Organizations and businesses often turn to expert service providers, such as accessServices, to more thoroughly test their PDFs for accessibility. Experts use automated solutions to gain a better understanding of a PDF’s overall accessibility status. Then, they dig deeper into specific issues found during the audit and investigate other areas of the document that automated tools sometimes struggle examining.
It’s worth noting that expert service providers are better equipped to test and remediate lengthy and complex PDFs.

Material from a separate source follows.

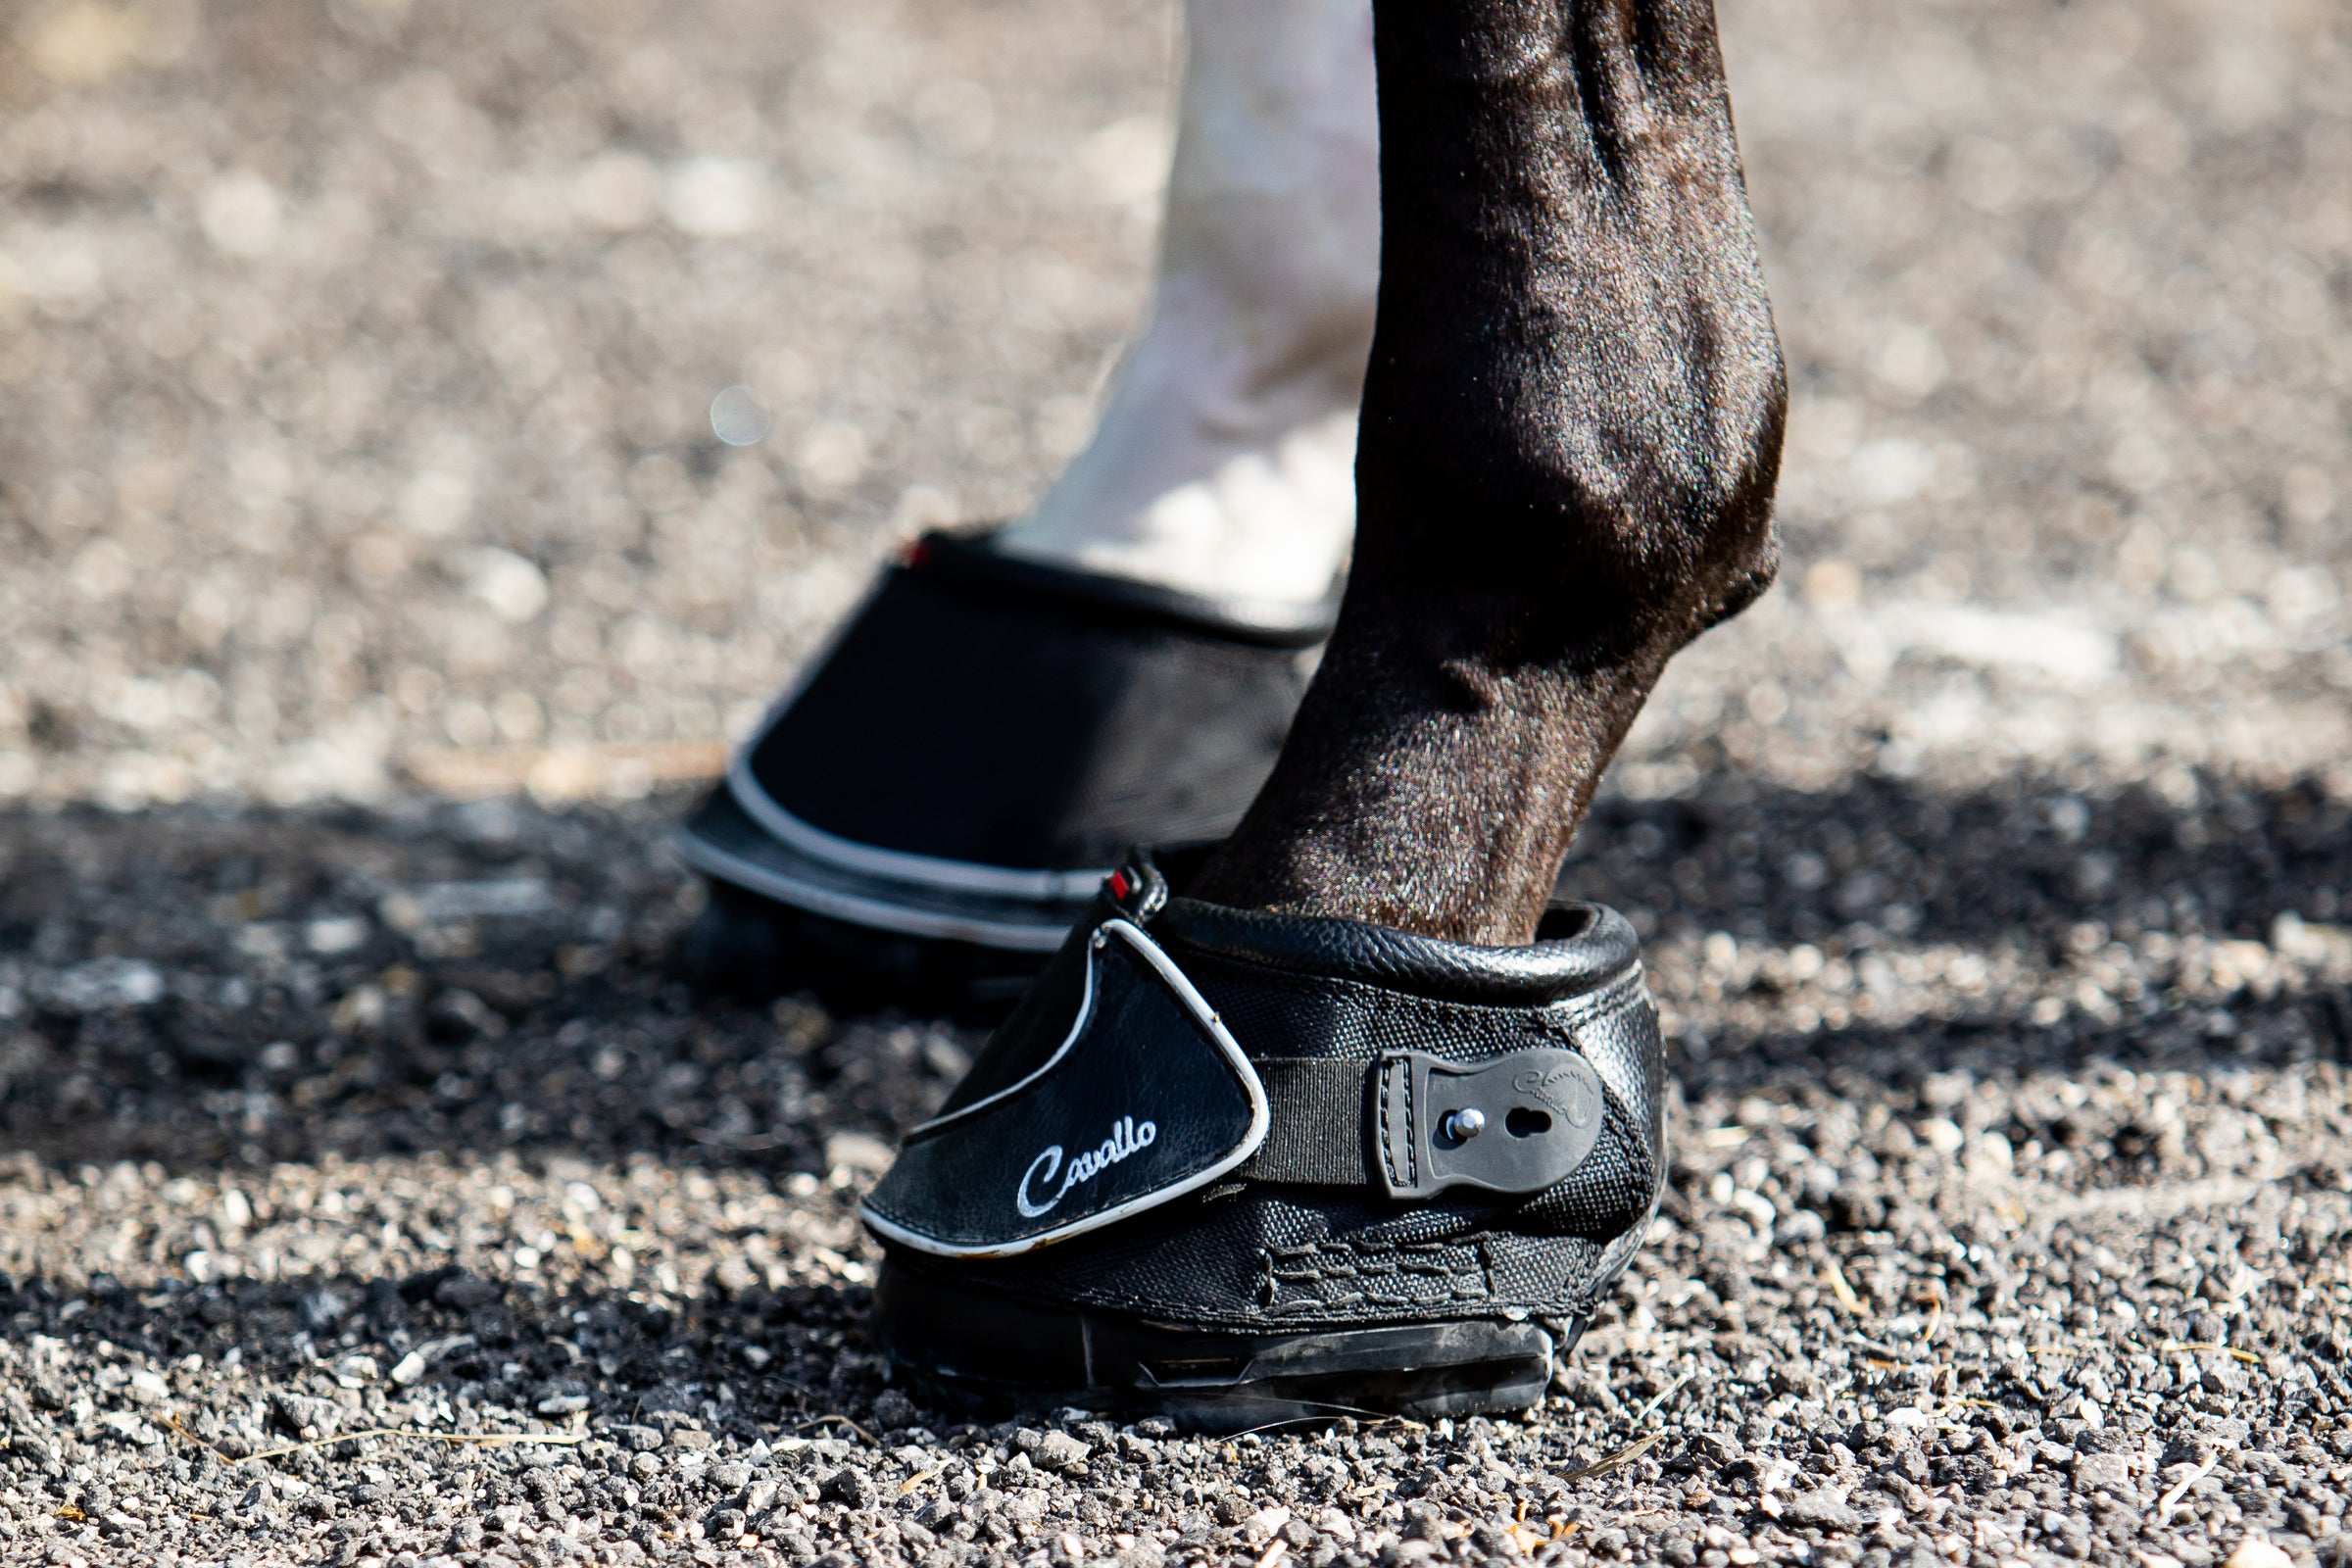 Cavallo Boots

Therefore, organizations and website owners that want to ensure they are presenting PDFs that are completely accessible will often rely on experts for these projects. This is especially true when they need to ensure they are in compliance with specific laws, such as the Americans with Disabilities Act (ADA), Section 508 of the Rehabilitation Act, and the Accessibility of Ontarians with Disabilities Act (AODA). Violating these laws (when applicable) is an act of discrimination against the disability community, and, as such, can result in legal action. With an intimate knowledge of the relevant web accessibility standards and the proper capacity for dealing with lengthy, complicated projects, expert service providers are a safer bet for achieving full PDF accessibility.
When you test your PDFs for accessibility, you showcase your commitment toward the disability community, a group that often faces discrimination when engaging with web-based applications.
There are a number of powerful tools you can use to test PDFs for accessibility. And, while these flag many of the accessibility issues that appear within PDFs, it is best to incorporate manual elements into your testing process.
When conducted by expert service providers like accessServices, the PDF accessibility testing process relies on a healthy balance of automation and manual intervention. The latter ensures that accessibility issues that aren’t detected during the automated test are properly identified and subsequently remediated.